For data quality assessment at older ages, specialized indices are available:

```{r old-age-indices}
# Create old-age data with heaping
set.seed(42)
old_ages <- c(sample(85:105, 3000, replace = TRUE),
              rep(c(90, 95, 100), each = 200))  # heaping at round ages

# Coale-Li index (designed for ages 60+)
coale_li(old_ages, digit = 0, ageMin = 85)

# Jdanov index (for very old ages like 95, 100, 105)
jdanov(old_ages, Agei = c(95, 100, 105))

# Kannisto index (for a single old age)
kannisto(old_ages, Agei = 90)
kannisto(old_ages, Agei = 95)
```

## Summary

The **heaping** package provides a complete toolkit for handling heaping in survey data:

| Function | Purpose |
|----------|---------|
| `whipple()` | Standard and modified Whipple index |
| `myers()` | Myers' blended index |
| `bachi()` | Bachi's index |
| `noumbissi()` | Single-digit Noumbissi index |
| `spoorenberg()` | Total Modified Whipple index |
| `coale_li()` | Coale-Li index for old ages |
| `jdanov()` | Jdanov index for very old ages |
| `kannisto()` | Kannisto index for single old age |
| `heaping_indices()` | All common indices at once |
| `correctHeaps()` | Correct regular heaping patterns |
| `correctSingleHeap()` | Correct a single heap |
| `sprague()` | Disaggregate 5-year to single-year ages |

Key advantages over traditional methods:

1. **Preserves individual records** for regression and machine learning
2. **Multiple correction methods** (log-normal, normal, uniform, kernel)
3. **Model-based correction** preserves covariate relationships
4. **Supports sampling weights** for survey data
5. **Multiple imputation compatible** for uncertainty quantification

## References

- Myers, R. J. (1940).
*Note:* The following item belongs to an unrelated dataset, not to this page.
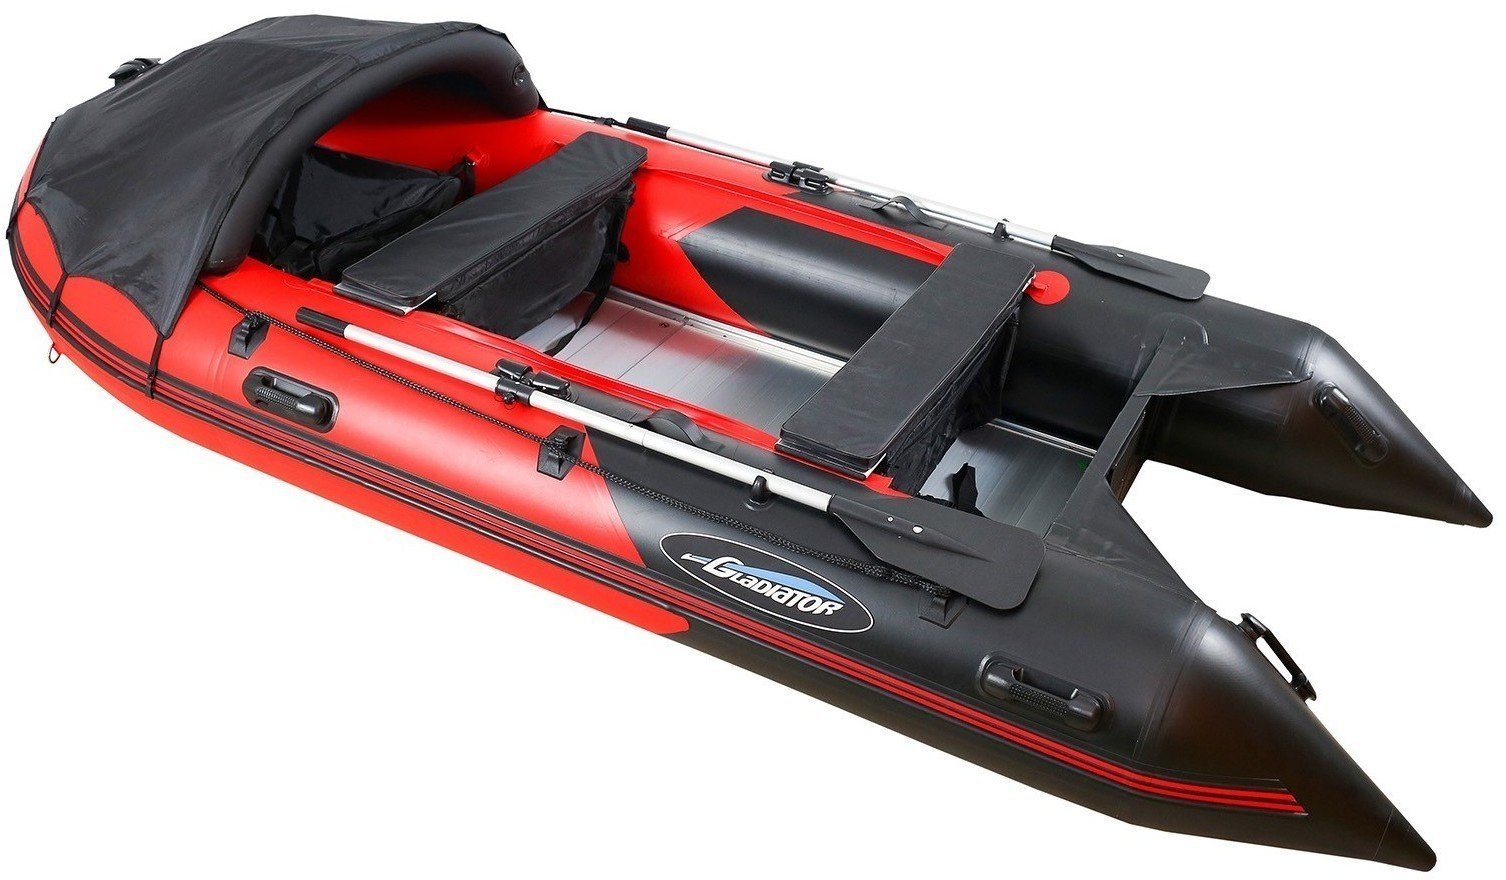 Bote inflable Gladiator Bote inflable C420AL 2022 420 cm Red-Negro

Errors and bias in the reporting of ages in census data. *Transactions of the Actuarial Society of America*, 41, 395-415.

- Spoorenberg, T. and Dutreuilh, C. (2007). Quality of age reporting: extension and application of the modified Whipple's index. *Population*, 62(4), 729-741.

- Sprague, T. B. (1880). Explanation of a new formula for interpolation. *Journal of the Institute of Actuaries*, 22, 270-285.